Problems range from voluntary bankruptcy that does not work as it should, to irresponsible and unethical resolution professionals (PRs) and the lack of a sufficiently deep and broad market for corporate debt. These all need to be addressed.
Turn a new chapter
It’s common for commentators to yearn for something like America’s Chapter 11 bankruptcy. In this, the management in place retains control and runs the business, under the control of the court, for a limited period during which the business is exempt from paying interest or repaying debt.
The equivalent provision in the Indian code should be that a company in financial difficulty voluntarily files for bankruptcy. But it didn’t take. Under Article 10 of the IBC, a debtor business can file for bankruptcy after defaulting on debt service and must indicate a PR to run the business. These provisions should be amended. Voluntary bankruptcy should be a preventive measure, seeking relief from debt service while relief is in place. The stipulation of filing for bankruptcy only after default should be removed. The current management should be allowed to implement the turnaround, with the approval of the turnaround plan, with monthly milestones, the failure of which should be sufficient reason for the voluntary bankruptcy to expire.
PR is another source of anxiety. It would be unfair to tar the whole flock on the basis of a few black sheep that prepare unforeseen sacks of wool, one for the master, one for the lady and one for their own little sheep who live down the alley. However, the institutional framework to maintain their good conduct is lacking.
PRs are governed by codes of conduct, one from the Insolvency and Bankruptcy Board of India (IBBI) and another from their affiliate institute. The only code Indians instinctively follow is that of caste honor, which leads to the murder of young couples who love each other according to biology rather than sociology. There must be a rigorous simultaneous audit of the conduct of PRs. IBBI needs to be strengthened to monitor this activity.
The employees of a bankrupt company are as much victims of default / mismanagement as the creditors. Their help could be relied on in determining the value of a company’s assets. In the original scheme of things, information custodians were supposed to appear that would contain all the relevant data about the companies. It did not materialize.
The value of a company’s assets is often vague, and there is little to stop company management or PRs from siphoning off value from a company. It may be wise to put in place an institutional framework to draw up an inventory of the assets of a company involving employees. Whistleblowers need to be protected and rewarded.
Liquidation value No secret
In recent insolvency proceedings, a chamber of the National Company Law Tribunal (NCLT) questioned whether there had been collusion between the RP and the bidder who had made a bid just above value. liquidation of the company. It could have been unfair. If the company’s books were reasonably accurate, due diligence would reveal the liquidation value to anyone.
In any case, why would the liquidation value be a secret? This must be a piece of information accessible to all bidders. If there is sufficient competition between potential buyers, transparency on the liquidation value would not bias the offers so that they converge towards this figure. This brings us to the central flaw in IBC’s operation: insufficient competition between potential buyers of resolved assets, either as operating businesses or as liquidated parties.

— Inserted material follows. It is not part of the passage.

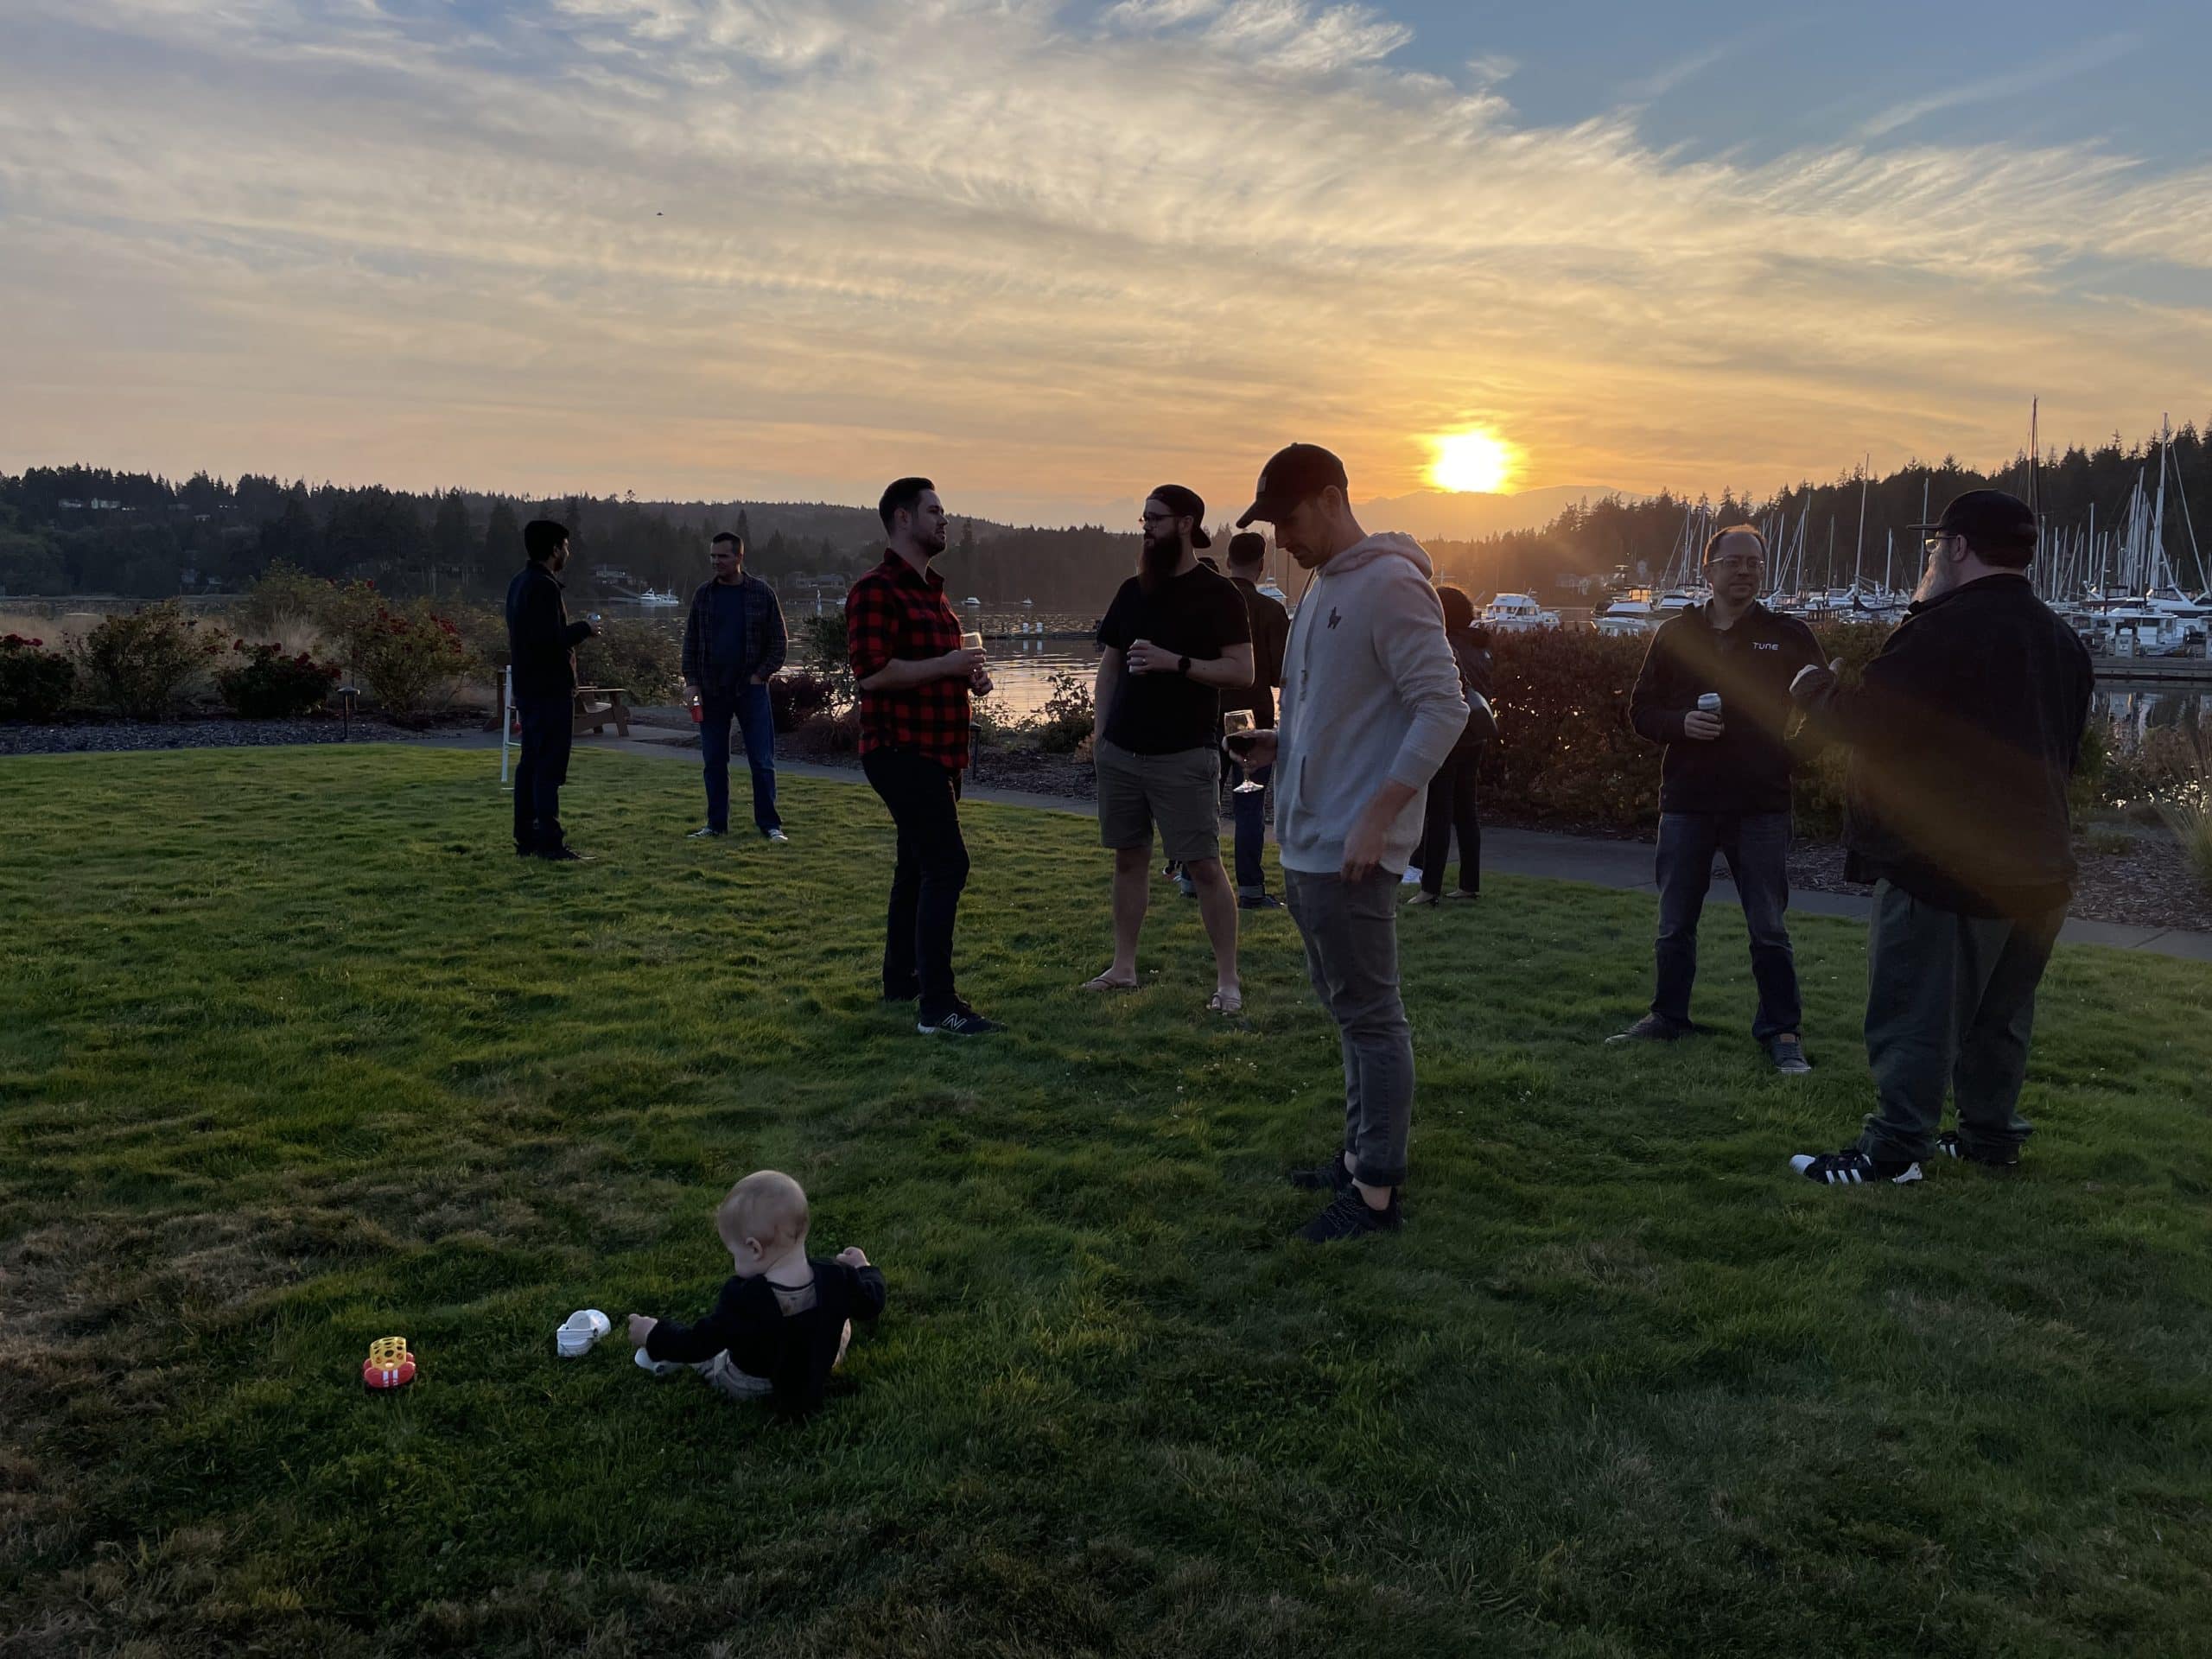 A well-behaved baby, beautiful sunsets, and quality time with coworkers were standard at the 2022 TUNE retreat

Even without collusion among potential buyers, there could be a shortage of very many viable bidders for a business under the hammer – during the 180-day window in which resolution is supposed to take place. The way out of this time constraint is to sell the asset to patient capital who can, one, pay a competitive price for the asset, two, keep the business until a decent buyer comes along , and, third, manage it competently in the meantime, if necessary.
Asset Reconstruction Companies (ARCs) created under the Securitization and Reconstruction of Financial Assets and Enforcement of Collateral Act 2002 (Sarfaesi) fall short. They have no capital, they are supposed to pay banks only 15% of the transaction price in cash, the rest is in the form of security receipts, essentially IOUs which can, in theory, be traded on the market but are not. And, CRAs don’t have the managerial bandwidth to run the businesses they buy until they find buyers for those businesses. Only private equity does this sort of thing.
Recently, the CRAs have sought government assistance in obtaining bank credit. CRAs should issue bonds to raise the funds they need – but for that we need a market for risky bonds. And they should be able to raise enough from the sale of risk bonds to repay the full value of what they’re willing to pay for the resolved assets. This is the only way ARCs would stop being vehicles for banks to perpetuate bad loans – instead of bad debts, banks hold IOUs from ARCs.
CRAs need to be overhauled, entirely, like businesses, without being tied to the chains of the RBI apron.